1.4 Manfaat Penelitian

Berdasarkan tujuan penelitian di atas, diharapkan penelitian ini dapat memberikan manfaat bagi : 1. Bagi peneliti, penelitian ini diharrapkan bermanfaat secara akademis maupun praktis, serta pemahaman yang lebih mendalam mengenai industripengolahan tempe yang ada di Indonesia. 2. Bagi akademisi, penelitian ini diharapakn menjadi salah satu sumber rujukan pustaka dalam membuat penulisan-penulisan ilmiah. 3. Pemerintah daerah Cibungbulang khususnya, dan pemerintah daerah Kab.
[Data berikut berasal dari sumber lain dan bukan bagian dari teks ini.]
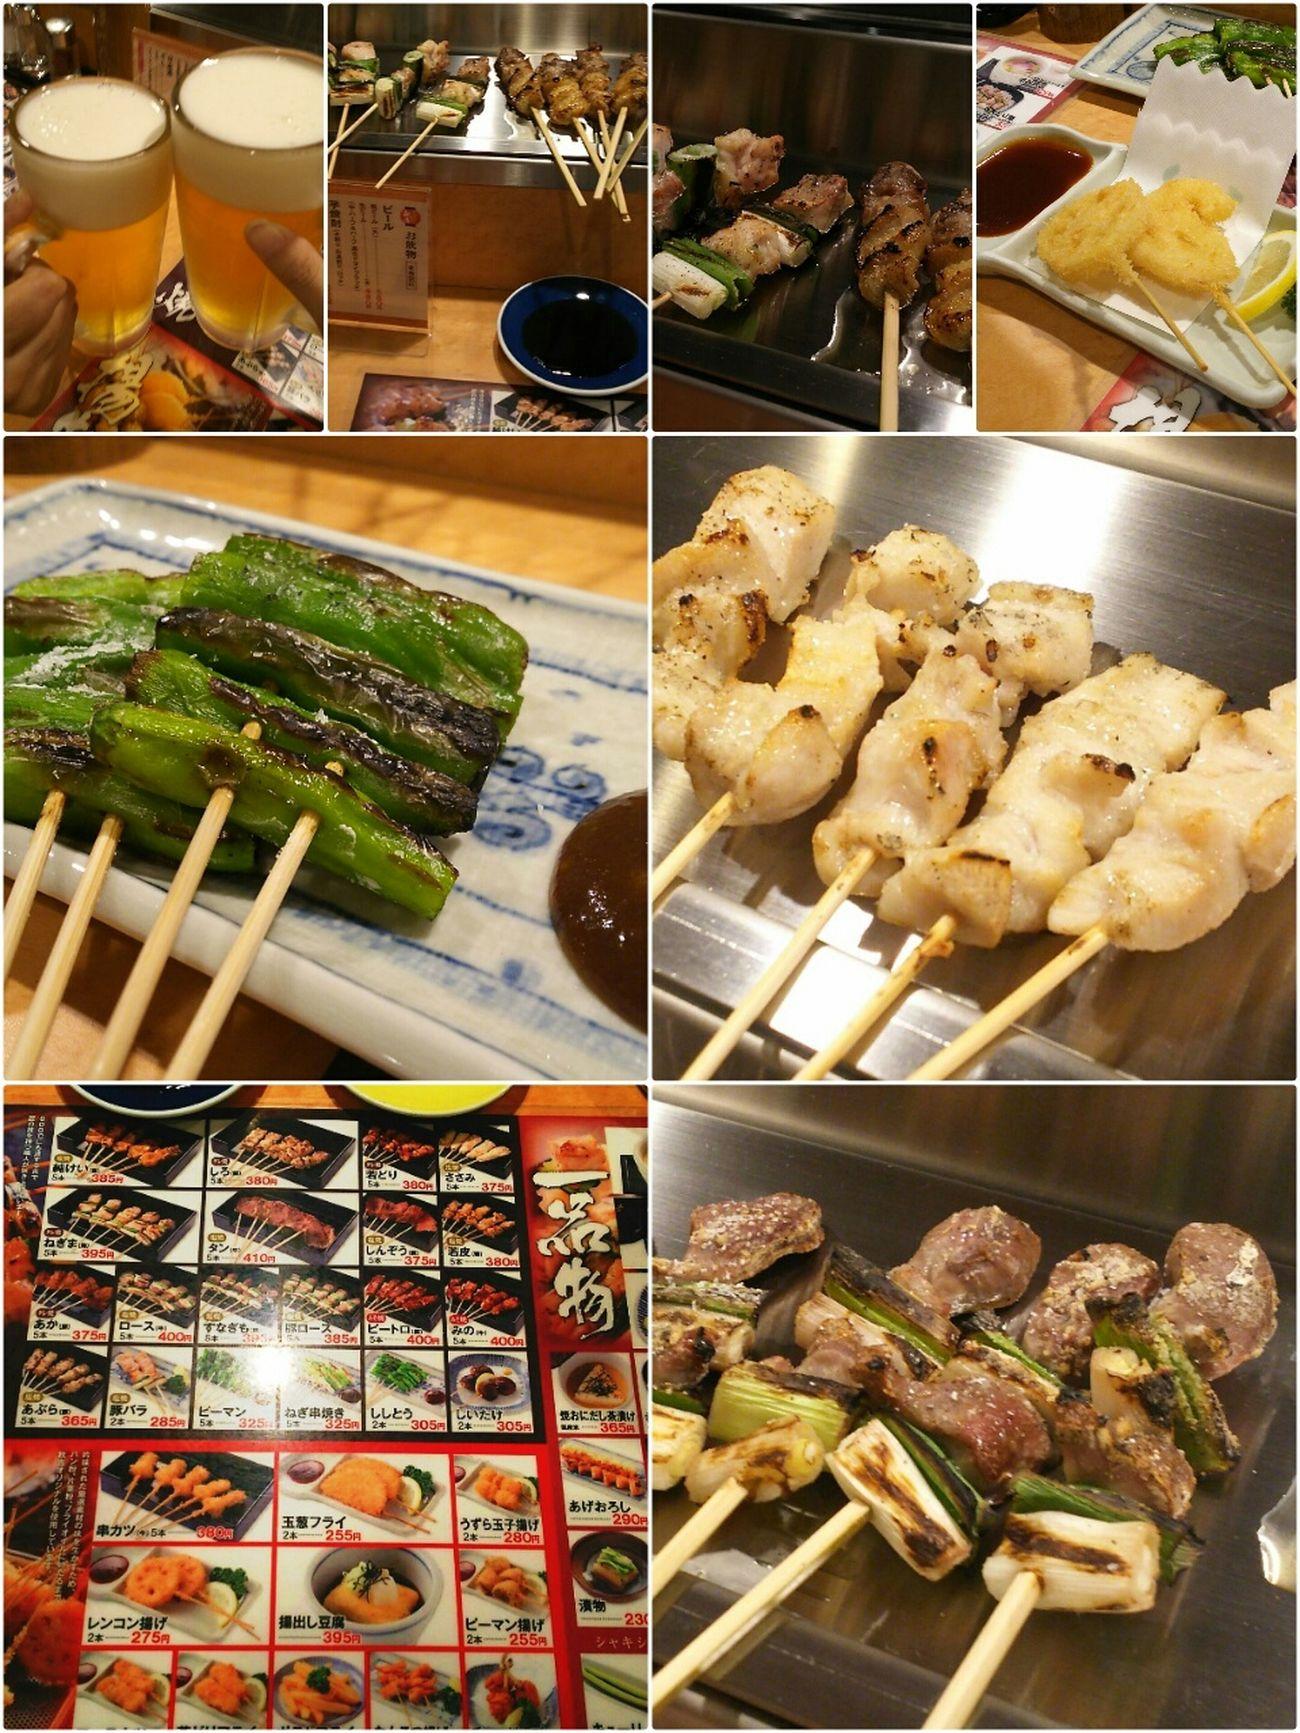 Tokyo Ikebukuro Ikebukuro Foodporn In My Mouf Food Photography Enjoy A Meal Food Porn Enjoying A Meal やきとり お酒 秋吉(ºωº)小ぶりですが5本セット!お手軽に飲み食べ出来ます!

Bogor umumnya agar dapat membuat rekomendasi mengenai pola usaha tempe yang paling efisien dan memberikan pendapatan yang optimal. 4. Pelaku usaha, dimana pelaku usaha tempe dapat mengetahui langkah mana yang haris diambil agar usaha yang di jalankan dapat memberikan pendapatan yang optimal dan berlanjut keberadaanya.

1.5 Ruang Lingkup Penelitian

Penelitian yang dilakukan ini memiliki batasan-batasan sebagai berikut, yaitu: 1. Wilayah penelitian adalah, Desa Cimanggu I, Kecamatan Cibungbulang, Kabupaten Bogor. 2. Objek penelitian adalah masyarakat Desa Cimanggu I, Kecamatan Cibungbulang, Kabupaten Bogor. 3. Responden penelitian adalah masyarakat Desa Cimanggu I, Kecamatan Cibungbulang, Kabupaten Bogor, yang merupakan pengusaha dalam industri tempe pada pola kemitraan Prikompti dan pola mandiri.

1. 6 Batasan Penelitian

1. Pengusaha yang menjadi sample yaitu pengusaha tempe pola kemitraan dan pola mandiri Desa Cimanggu I Kec. Cibungbulang Kab. Bogor 2. Penerapan teknik budidaya petani dalam satu kelompok usahatani relatif sama. 3. Satuan input produksi yang digunakan yaitu kedelai kg, ragi kg, plastik pack, tenaga kerja HOK, dan air liter. 4. Ukuran tenaga kerja dinyatakan dalam Hari Orang Kerja HOK, upah harian antara laki-laki dan wanita besaranya sama. 5. Pengusaha pola kemitraan menggunakan kedelai yang disediakan di koperasi, sedangkan pengusaha pola mandiri menggunakan bahan baku kedelai yang ada di pasaran atau non koperasi 6. Harga satuan air untuk pengusaha pola kemitraan dan pola mandiri yaitu menggunakan harga air PDAM Tirta Kahuripan sebesar Rp 2.2000-10m 3 . 7. Analisis fungsi produksi yang digunakan yaitu analisis fungsi produksi Cobb- Douglas dengan faktor produksi kedelai, ragi, air, tenaga kerja. 8. Jumlah penggunaan input dan pengeluaran tunai usahatani dihitung per tahun.